Cheng-Kai Lu, Tong Boon Tang, Augustinus Laude, Baljean Dhillon, Alan F. Murray

Author Affiliations +

Journal of Biomedical Optics, Vol. 17, Issue 10, 106010 (October 2012). https://doi.org/10.1117/1.JBO.17.10.106010

Abstract

We describe a computer-aided measuring tool, named parapapillary atrophy and optic disc region assessment (PANDORA), for automated detection and quantification of both the parapapillary atrophy (PPA) and the optic disc (OD) regions in two-dimensional color retinal fundus images. The OD region is segmented using a combination of edge detection and ellipse fitting methods. The PPA region is identified by the presence of bright pixels in the temporal zone of the OD, and it is segmented using a sequence of techniques, including a modified Chan-Vese approach, thresholding, scanning filter, and multiseed region growing. PANDORA has been tested with 133 color retinal images (82 with PPA; 51 without PPA) drawn randomly from the Lothian Birth Cohort (LBC) database, together with a "ground truth" estimate from an ophthalmologist. The PPA detection rate is 89.47% with a sensitivity of 0.83 and a specificity of 1. The mean accuracy in defining the OD region is 81.31% (SD=10.45 ) when PPA is present and 95.32% (SD=4.36 ) when PPA is absent. The mean accuracy in defining the PPA region is 73.57% (SD=11.62 ). PANDORA demonstrates for the first time how to quantify the OD and PPA regions using two-dimensional fundus images, enabling ophthalmologists to study ocular diseases related to PPA using a standard fundus camera.

1. Introduction

Two-dimensional (2-D) color retinal fundus images not only provide information about different eye conditions and ophthalmic diseases (e.g., myopia, macular degeneration and glaucoma), but they could also show signs of systemic diseases such as diabetes.¹^–⁴ The optic disc (OD) is one of the fundamental features of interest. The OD is located anatomically at the distal end of optic nerve (Fig. 1) and appears as a bright yellowish-white ellipse partially overshadowed by retinal blood vessels in the fundus image. Segmenting the OD is not a trivial task, owing to light artefacts, blood vessels, and often ill-defined boundaries, particularly in the presence of parapapillary atrophy (PPA).

Fig. 1

The sagittal section of the eyeball. The optic disc is situated anatomically at the distal end of the optic nerve.

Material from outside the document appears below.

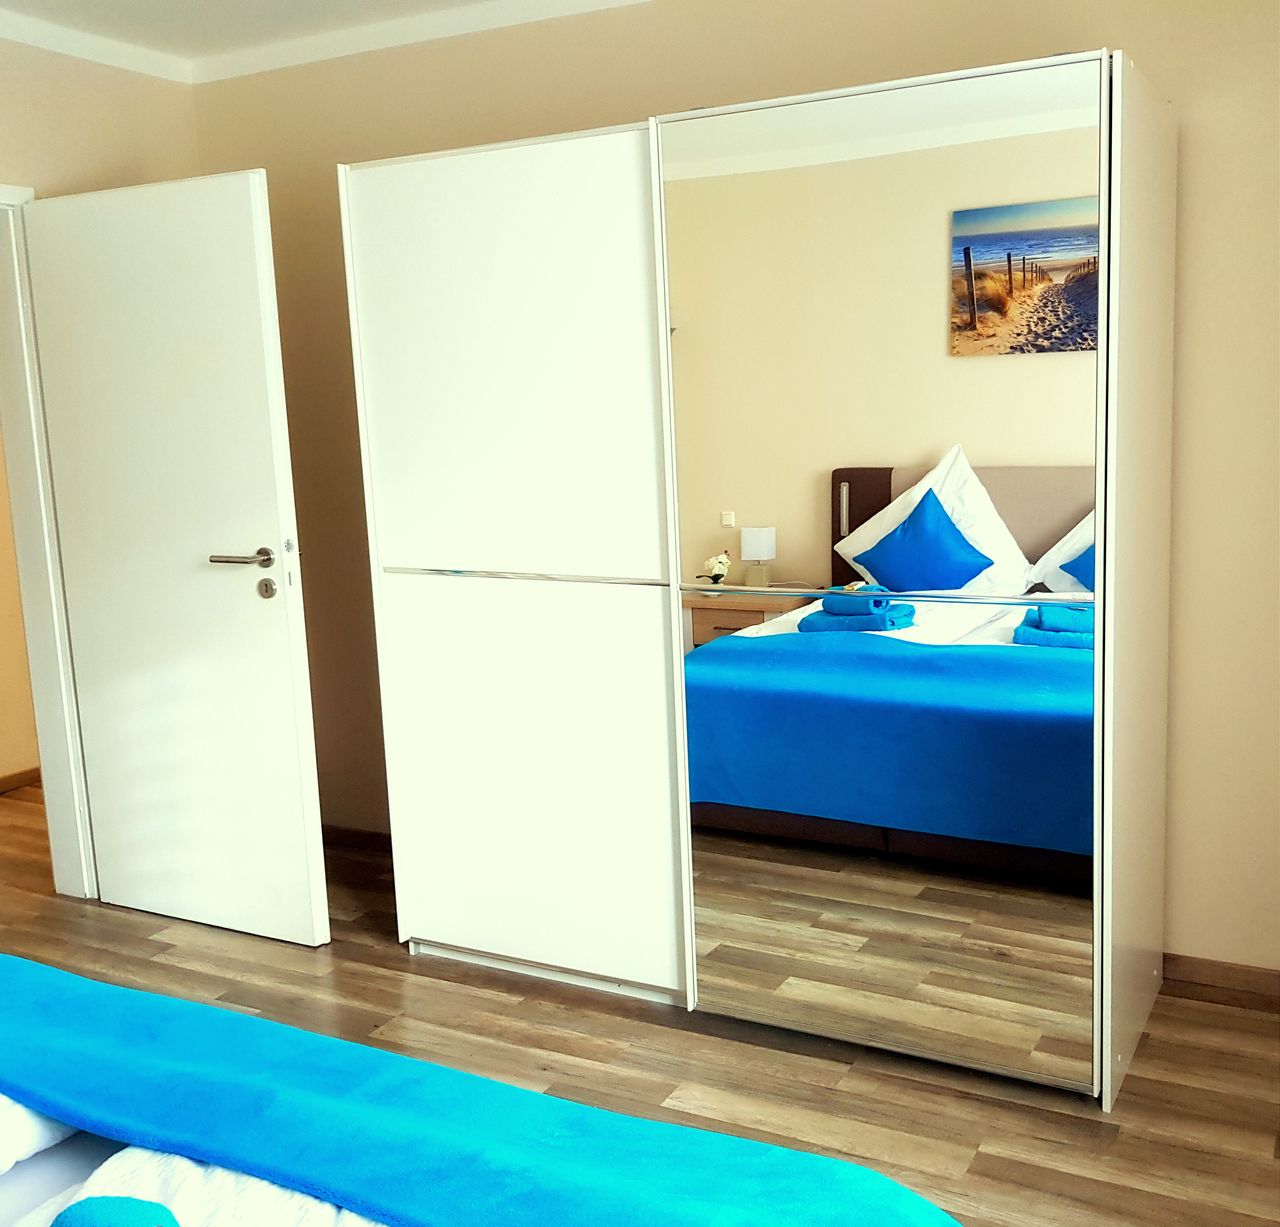 All inclusive: WiFi,TV, Kitchen, Washing dryer

Clinically, PPA can be categorized into alpha- and beta-zone PPA.⁵ The $α$ -zone often refers to the outer zone of PPA covering irregular hyper- and hypo-pigmented areas in the retinal pigment epithelium (RPE), either on their own or in the surrounding $β$ -zone; the $β$ -zone is usually the zone of complete RPE atrophy, next to the OD. However, such division will not be made in this work. The detection and quantification of PPA will be based on the outermost boundaries of single or both zones of PPA. The reason PPA develops has remained unclear, but PPA has been linked to degenerative myopia⁶ and glaucoma,⁷ both of which can lead to sight loss. Early detection and monitoring of PPA could therefore offer a way to monitor degeneration in retinal nerve fibre layer (RNFL) and degenerative myopia. PPA appears as an irregular shape (e.g., scleral crescents, temporal choroidal, or a ring around the periphery of the OD) and is of similar brightness to the OD, although $β$ -zone PPA may appear slightly brighter than the OD region while the $α$ -zone appears darker. Figure 2 shows an example.

Fig. 2

(a) The original color retinal fundus image. Annotations describe the four different zones of the optic disc. (b) The optic disc boundary and the parapapillary atrophy (PPA) region.

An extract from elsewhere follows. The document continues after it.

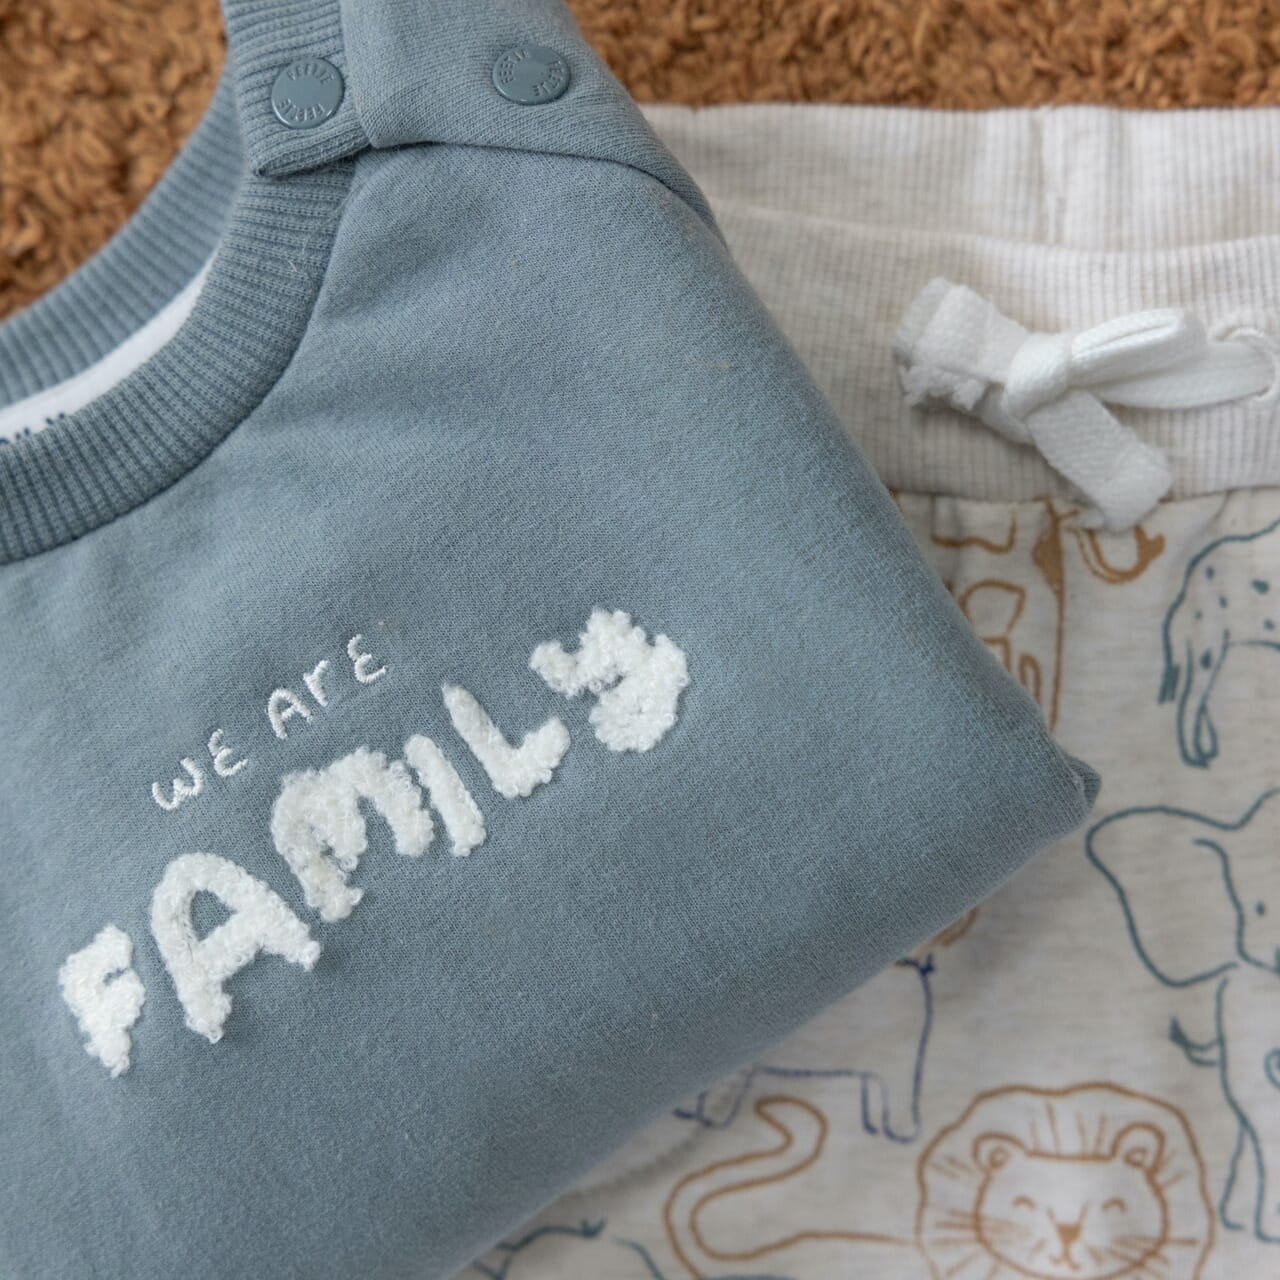 ANIMALS "We Are Family" Brushed Fleece Sweat Top

The literature surrounding OD detection and segmentation is rich, as the OD is an important parameter in glaucoma diagnosis⁸^,⁹ and a common landmark when locating regions of interest such as the macula.¹⁰^,¹¹ The detection and segmentation of the OD region has been performed using 2-D fundus images directly¹²^–¹⁴ and through three-dimensional (3-D) planimetric images generated from multimodal imaging systems.¹⁵^,¹⁶ The detection methods have searched for either a large cluster of bright pixels¹⁷ or a region with the highest variation in grey level intensity.¹⁸ However, such methods are susceptible to retinal lesions (e.g., exudates), which can also appear bright in fundus images and artefacts (e.g., intensity gradient across the image).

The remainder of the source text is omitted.